WHAT YOU HAVE TO DO: Find the line containing "As President George" in the entries below. Restate it and each line after it, word for word, up to and including the line containing "Сертификат RBUZ ООО".

RECORDS FOR THE TASK:
****************************************

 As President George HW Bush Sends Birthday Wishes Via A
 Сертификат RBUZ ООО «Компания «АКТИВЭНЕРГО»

****************************************

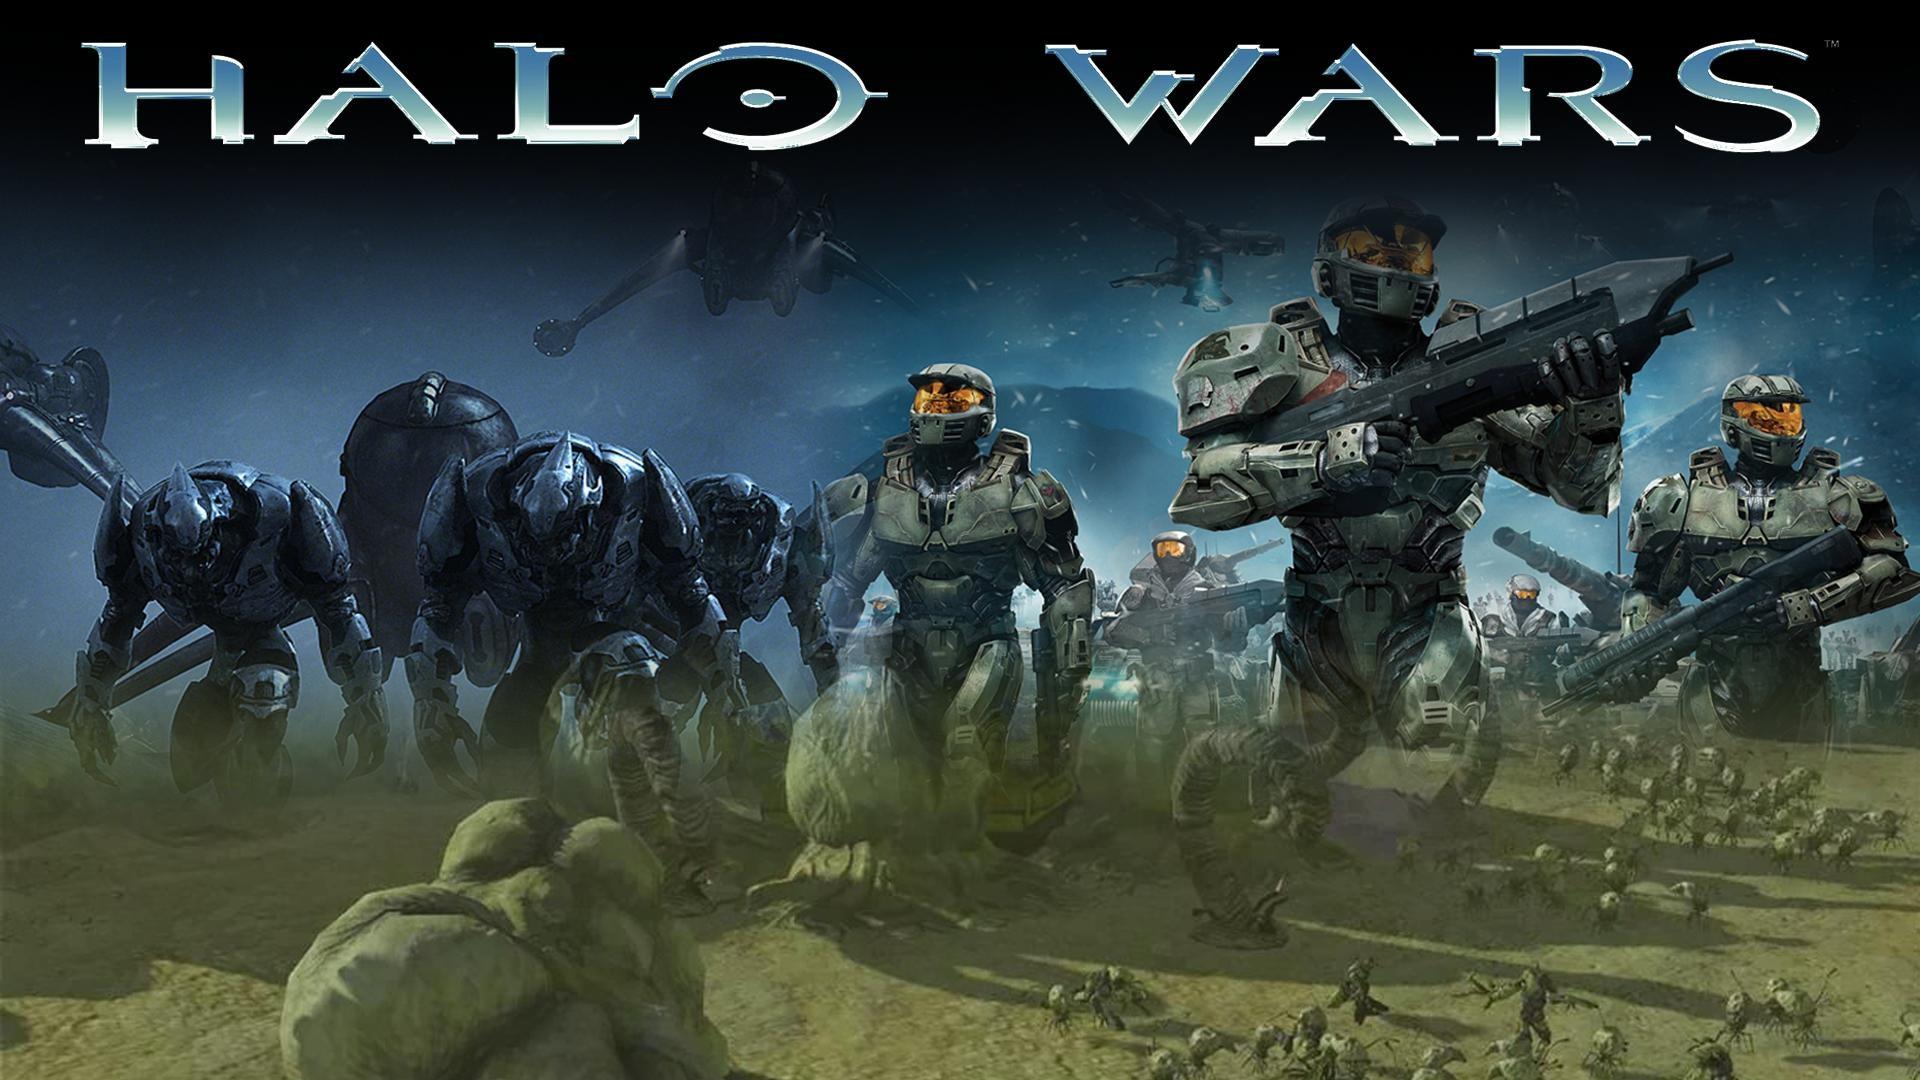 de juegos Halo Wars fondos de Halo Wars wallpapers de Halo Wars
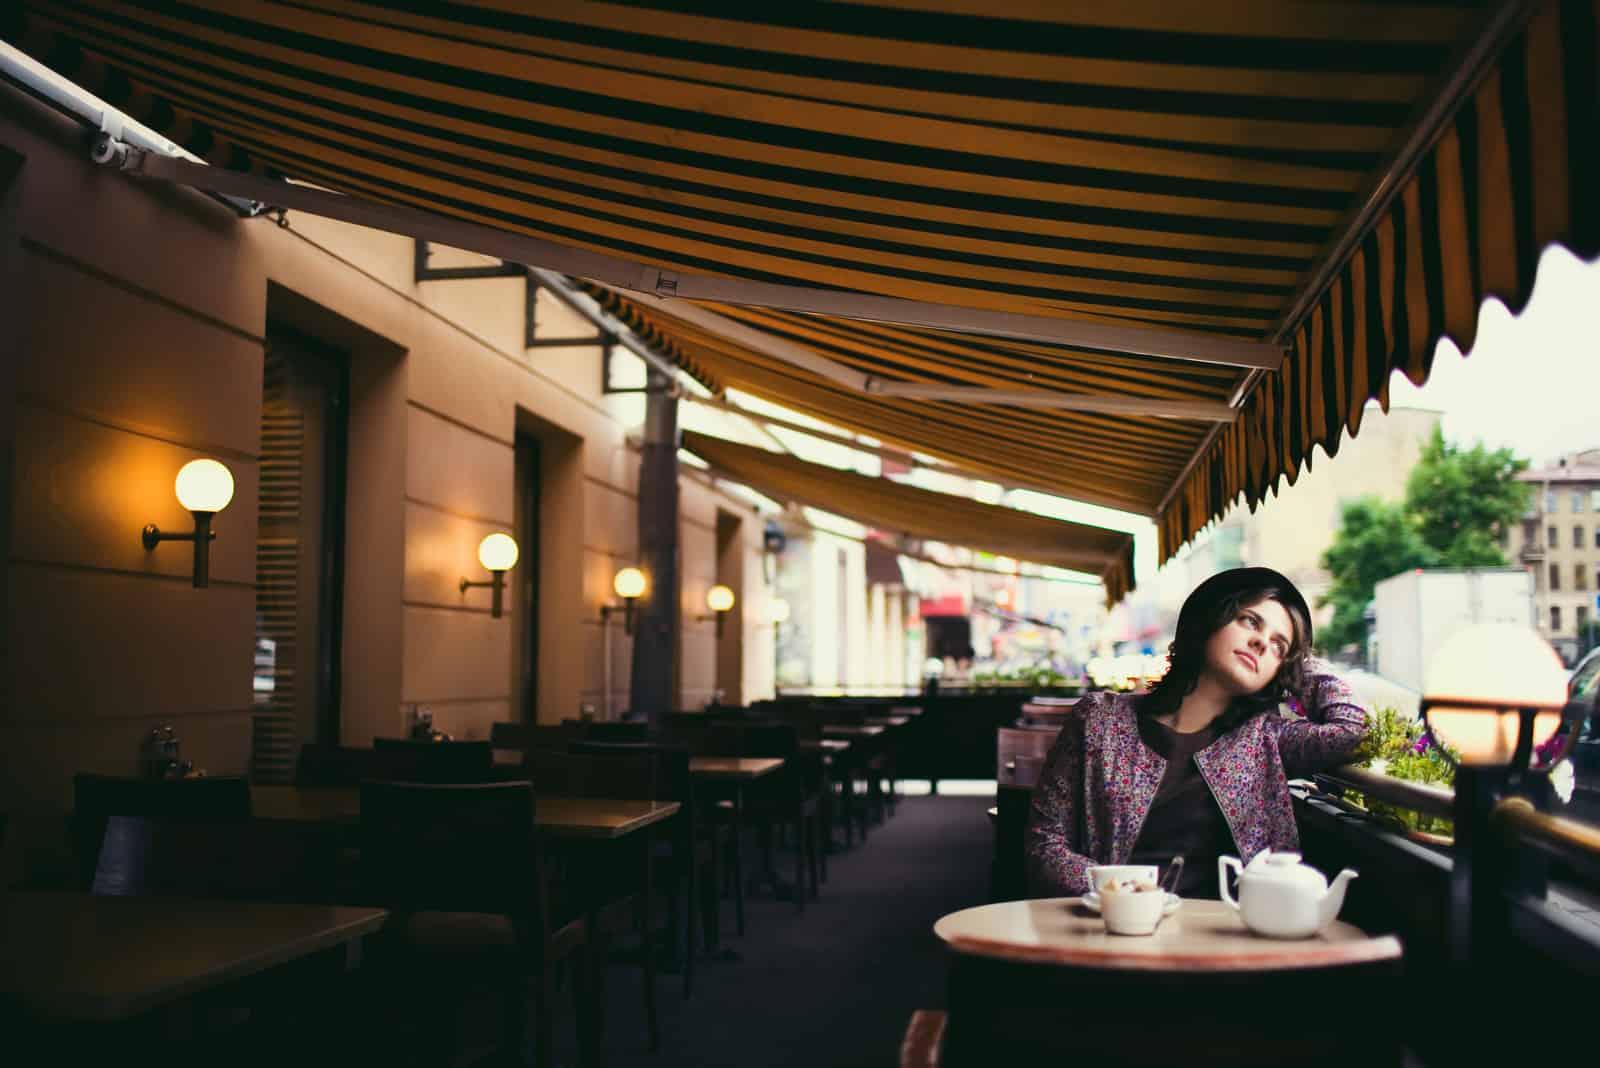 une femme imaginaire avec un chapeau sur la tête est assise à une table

****************************************

ANSWER BELOW:
 As President George HW Bush Sends Birthday Wishes Via A
 Сертификат RBUZ ООО «Компания «АКТИВЭНЕРГО»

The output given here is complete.